Wright licked his lips, fidgeting with his cigarettes, and said, “What about your sister. Would she know?”
Sylvie flashed him a quick glance, all she could afford on the island road, and said, “It’s not a bad thought. I’ll drop you back at the office—”
“No,” he said. “Stick to you like glue, remember? I’ve been in your apartment; why not your sister’s house? Don’t leave me behind this time.”
Sylvie turned to look at him, suddenly unsure. Was that Wright sitting beside her, worried about his skin, his case, his ghostly passenger, or was it Demalion, referring to her habit of cutting him out of the action? If she’d only been able to that final night.
“Road!” Wright snapped, and she jerked the wheel, and thought, Wright. Definitely Wright. Demalion, even startled, would never have that nasal howl of a startled Chicagoan.
“Jeezus,” he muttered. “Just ’cause I came back once doesn’t mean I want to tease Death again.”

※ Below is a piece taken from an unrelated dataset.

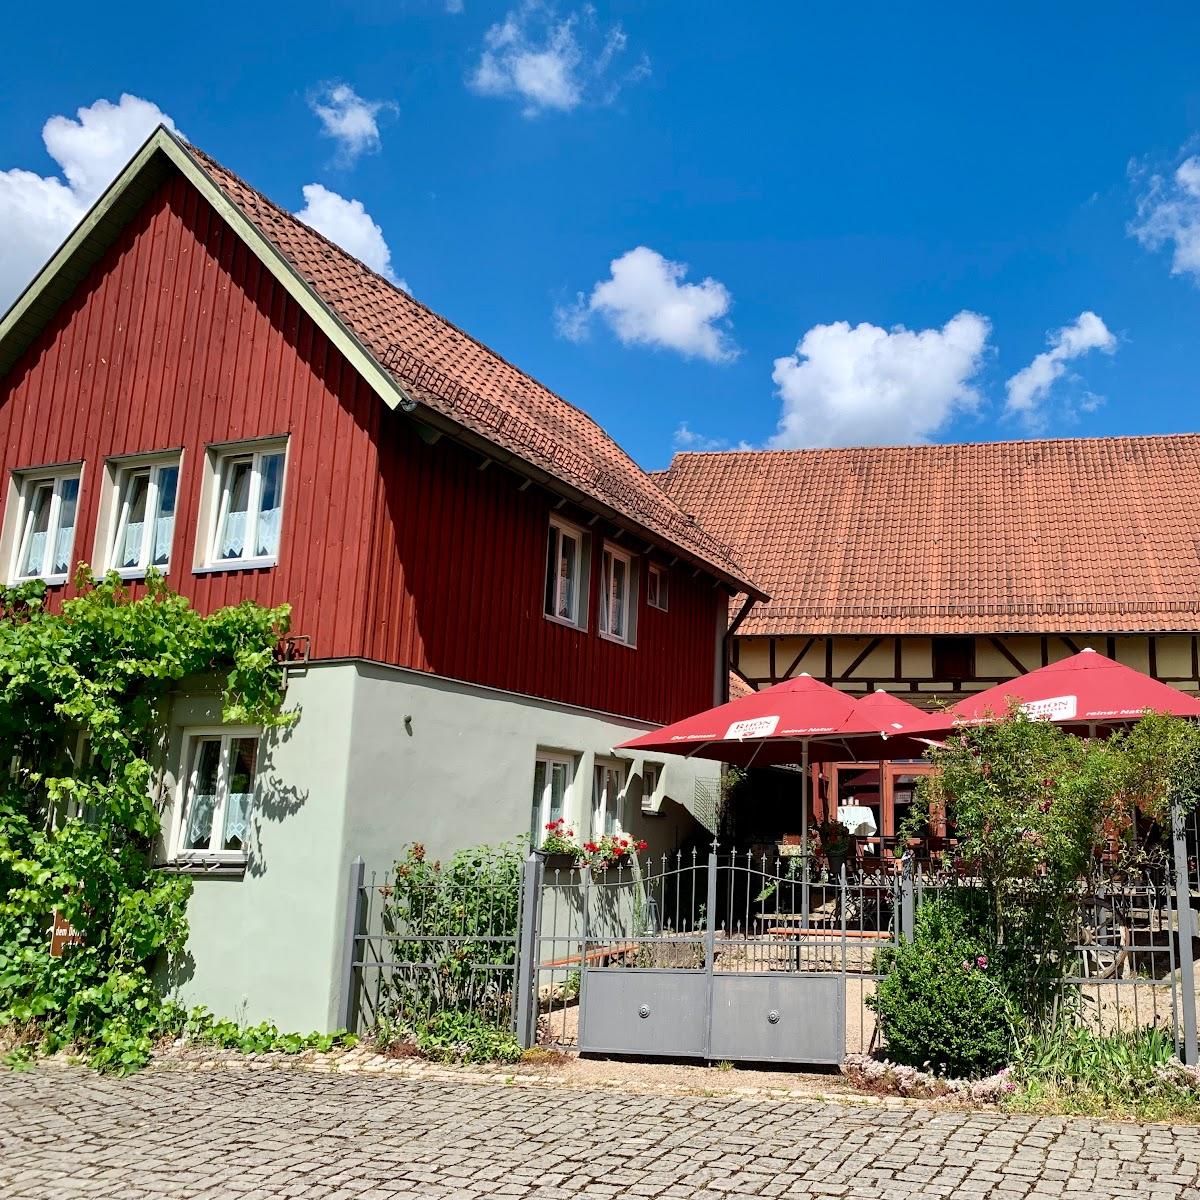 Restaurant "Hotel zur Sonne" in Hohenroth

Sylvie leaned her head back, rolling it against the headrest, trying to rub out tension that started in her bones. Some days were gracious things, allowed her to believe in a fresh start, a slate wiped clean by good intentions. Other days . . . all they did was rub her face in mistakes she’d made.
Wright clicked on her radio, thumbing the tuner ruthlessly, until he found something to his taste—country rock—humming along tunelessly under his breath, tapping out mismatched beats on her dash.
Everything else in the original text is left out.